Er was eens een meisje dat geen vriendjes of vriendinnetjes had. Ze heette Roosje. Roosje zag er fantastisch uit: ze had een mooi gezichtje, blauwe ogen en lang krullend haar. Er was maar één probleem: Roosje durfde tegen niemand iets zeggen. Alleen tegen haar mama taterde ze honderduit. Roosje had haar papa nooit gekend, hij stierf kort na haar geboorte.

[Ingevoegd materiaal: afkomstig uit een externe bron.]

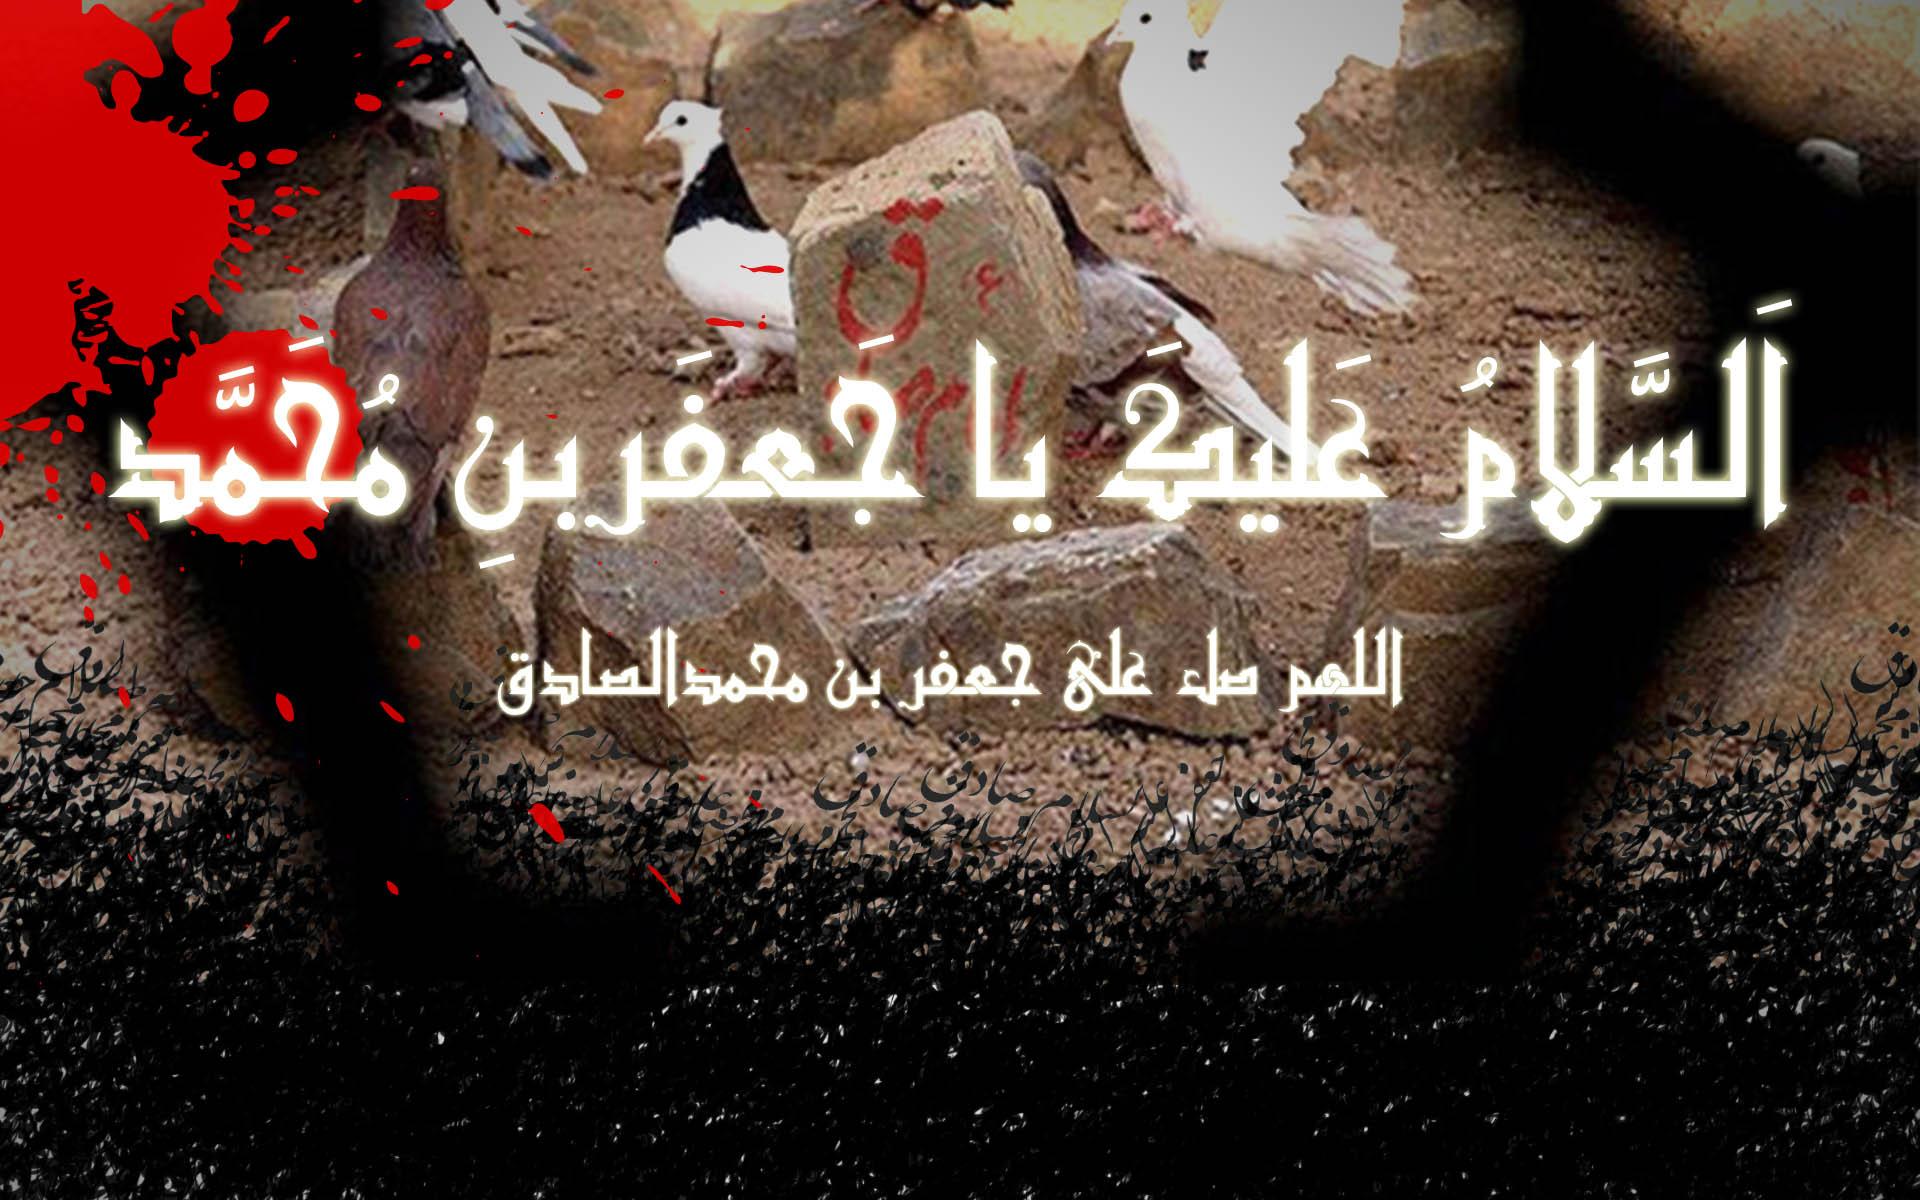 پوستر به مناسبت شهادت امام صادق علیه السلام

'Mama, ik voel me zo alleen,' klaagde Roosje. Dat liedje hoorde haar moeder haast iedere dag. De vrouw vond het zo erg voor haar dochter dat ze af en toe probeerde het probleem op te lossen. Dat liep meestal niet zo vlot. Roosje voelde zich dan heel erg blij. Het idee dat er iemand speciaal voor haar naar hun huis kwam, dat vond ze gewoon fan-tas-tisch! Tot het moment daar was, dan klapte Roosje dicht. Het kind – meestal ingehuurd door mama – vond er zelfs voor een klein centje niets aan om met een meisje te spelen dat niet wilde praten. Meestal bleven ze niet langer dan een uur. Ze gaven de mama van Roosje beleefd een hand, fluisterden sorry en gingen dan weer naar huis. Een berg aan koekjes en glazen cola konden hier geen stokje voor steken. Mama was ten einde raad. Ze vond het verschrikkelijk om Roosje zo ongelukkig te zien.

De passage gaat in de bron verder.